The natural grieving our family is going through is still there and only time can heal our pain. It’s doubly hard because not too far ago, we also lost our Labrador to an illness. Just last night, one of my girls came to me a bit teary-eyed saying she missed Yumi. She wasn’t aware that I too was crying my eyes out the night we buried Yumi in our yard.
Yugi has also been going through what appears to be grief. I have been asking myself if he was aware that Yumi had died? After all, she was his constant partner and he must be missing her scent. Does he fully comprehend? Or is it simply animal instinct that makes him whimper and howl the whole day? Even now as I write this post, I hear Yugi whimpering in the patio. Poor guy…
I would like to believe that dogs (and other pets), if capable of loving their owners, are capable of feeling grief too. I remember that YouTube video of a male cat trying desperately to revive his friend who was hit by a car. That was so pitifully sad.
A blogger friend shared with me her post, Do Dogs Have Souls?. The thought that Yumi and all our past dogs are in some kind of doggie heaven is very comforting. After all, why should humans be the only ones entitled to some kind of heaven after life when dogs are so loving?
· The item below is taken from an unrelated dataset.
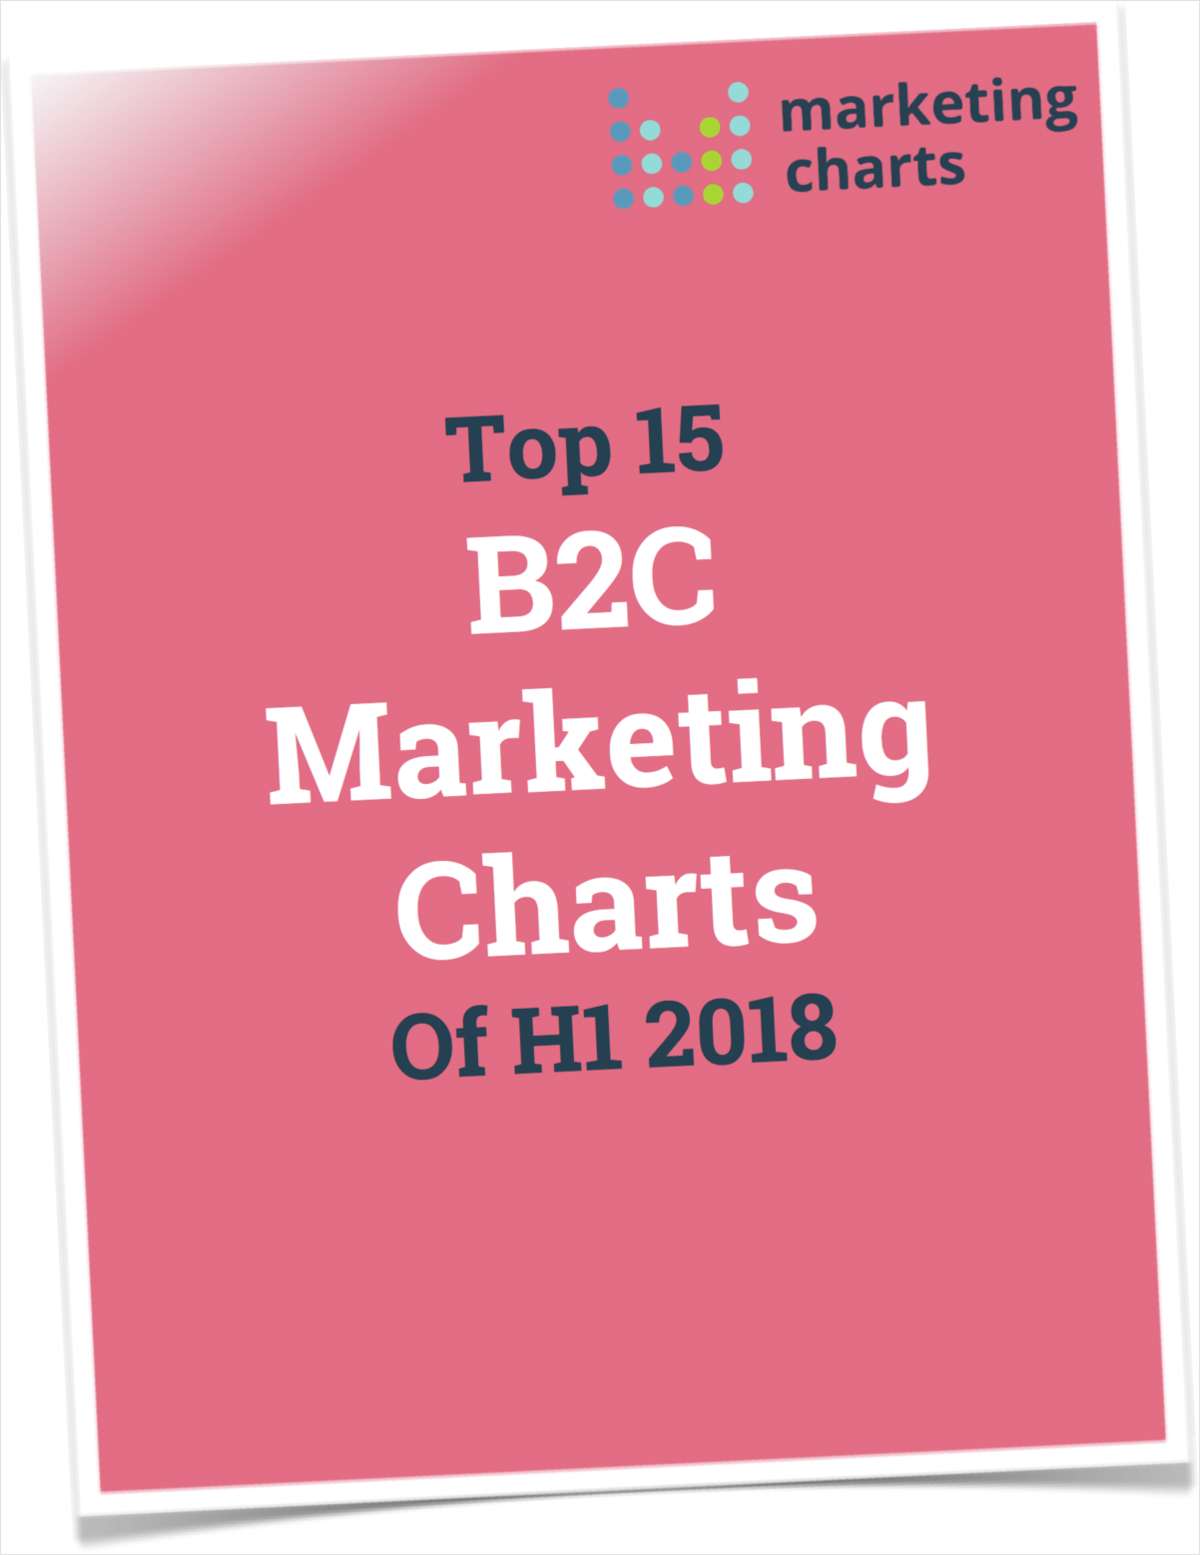 Top 15 B2C Marketing Charts of H1 2018

Have you recently lost a pet you loved? How are you coping?
I’m so sorry for your family’s loss, Jane. It’s so sad to lose honorary family members in the guise of our pets. π
Sending you my love.
@Fristine – Thanks so much, Fristine! We’ll heal in time.
Yes, I have always believed that they are capable of grieving. I have seen it many times even with our pet askals.
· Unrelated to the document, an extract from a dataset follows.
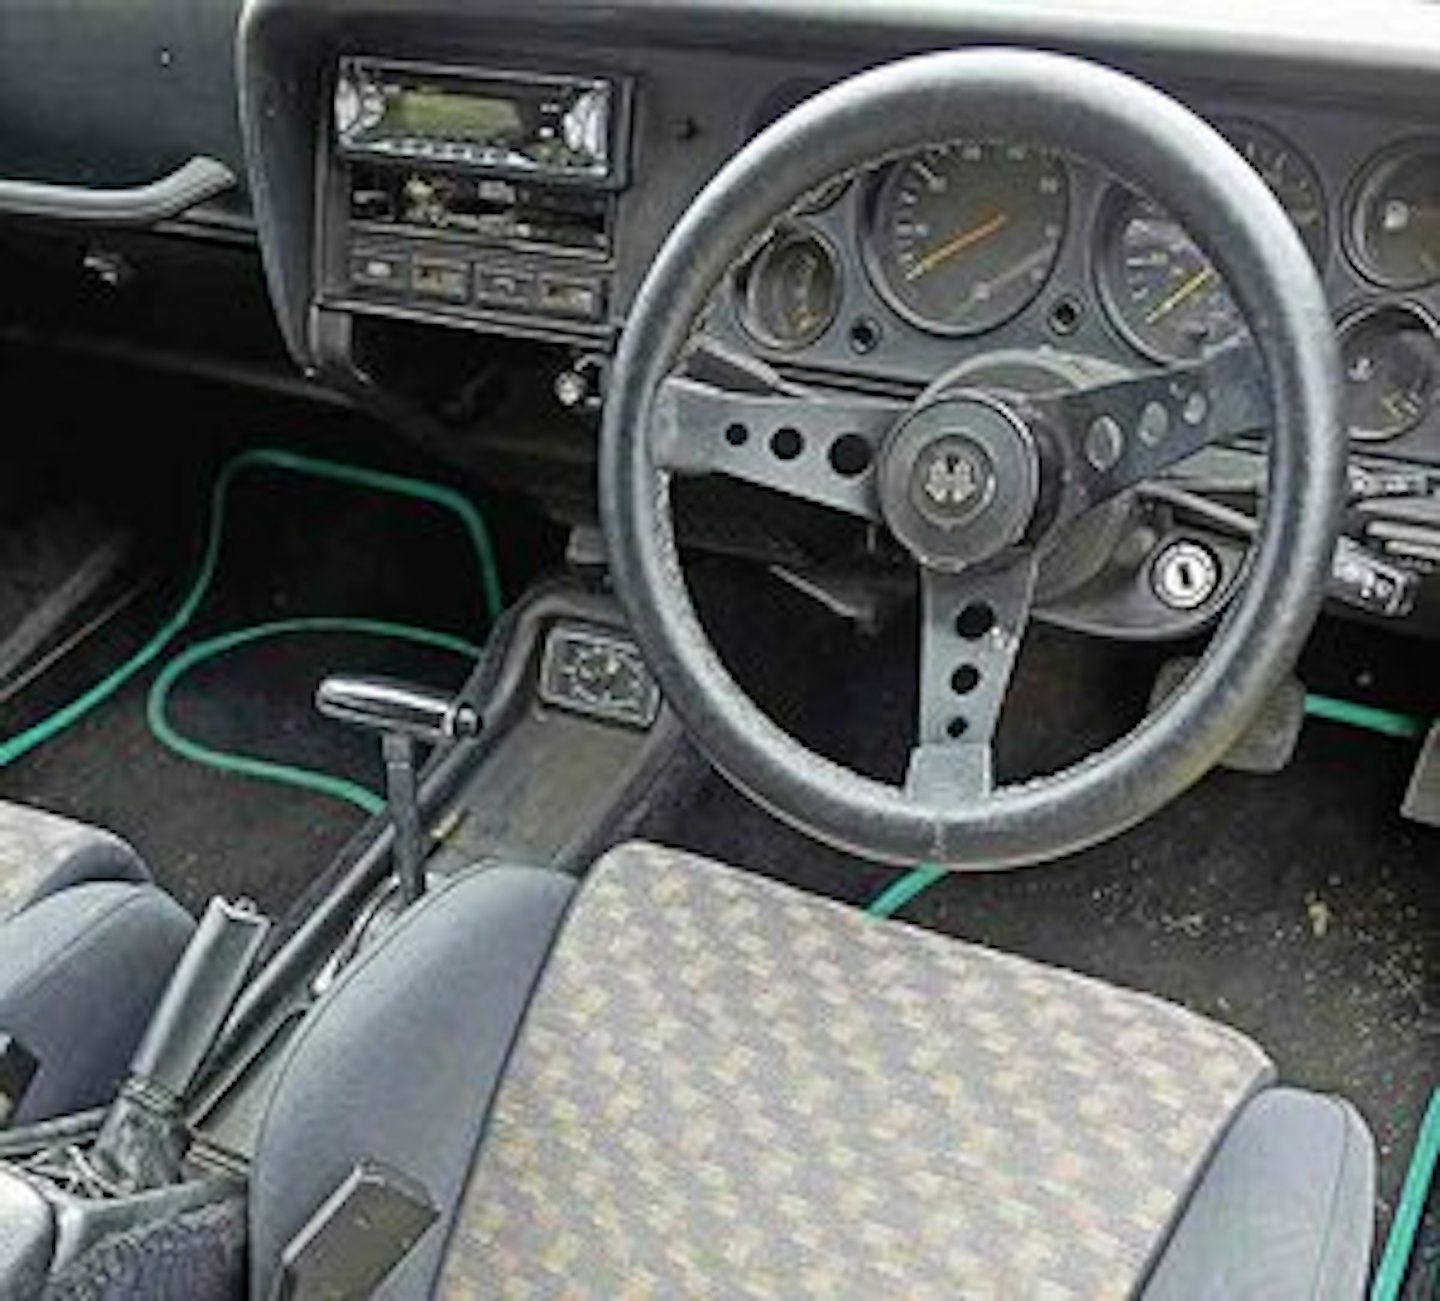 1979 Ford Capri

Incidentally, my most recent post is about my dog π
I think only dog-lovers would understand your grief. When I lost MY dog (the only one I could claim I raised, not by my mom, not by the help) in 2001, I was depressed for weeks. My non-dog-lover friends found me weird and laughed at me instead of offering comfort. Weird, it’s true, because I had a relationship with my dog. Away-bati kind of thing but he’d cry with me whenever I was sad. He knew, he felt, and he sympathized. Never had another dog since.
BTW, i really suspect I was a dog in my past life π
*HUGS* Jane!
My 10 year old Spaniel died in my arms today. We had him put to sleep as he had had a terrible relapse of pneumonia that had drained him of all joy of living. We love and miss him very very much but believe that he’s now having a field day in doggy heaven. Reading your article made me realize that I’m not alone in my grief and I thank you for that.
@Szzink – Awww, I am so sorry for your loss. Yes, I’d like to believe that dogs indeed go to heaven.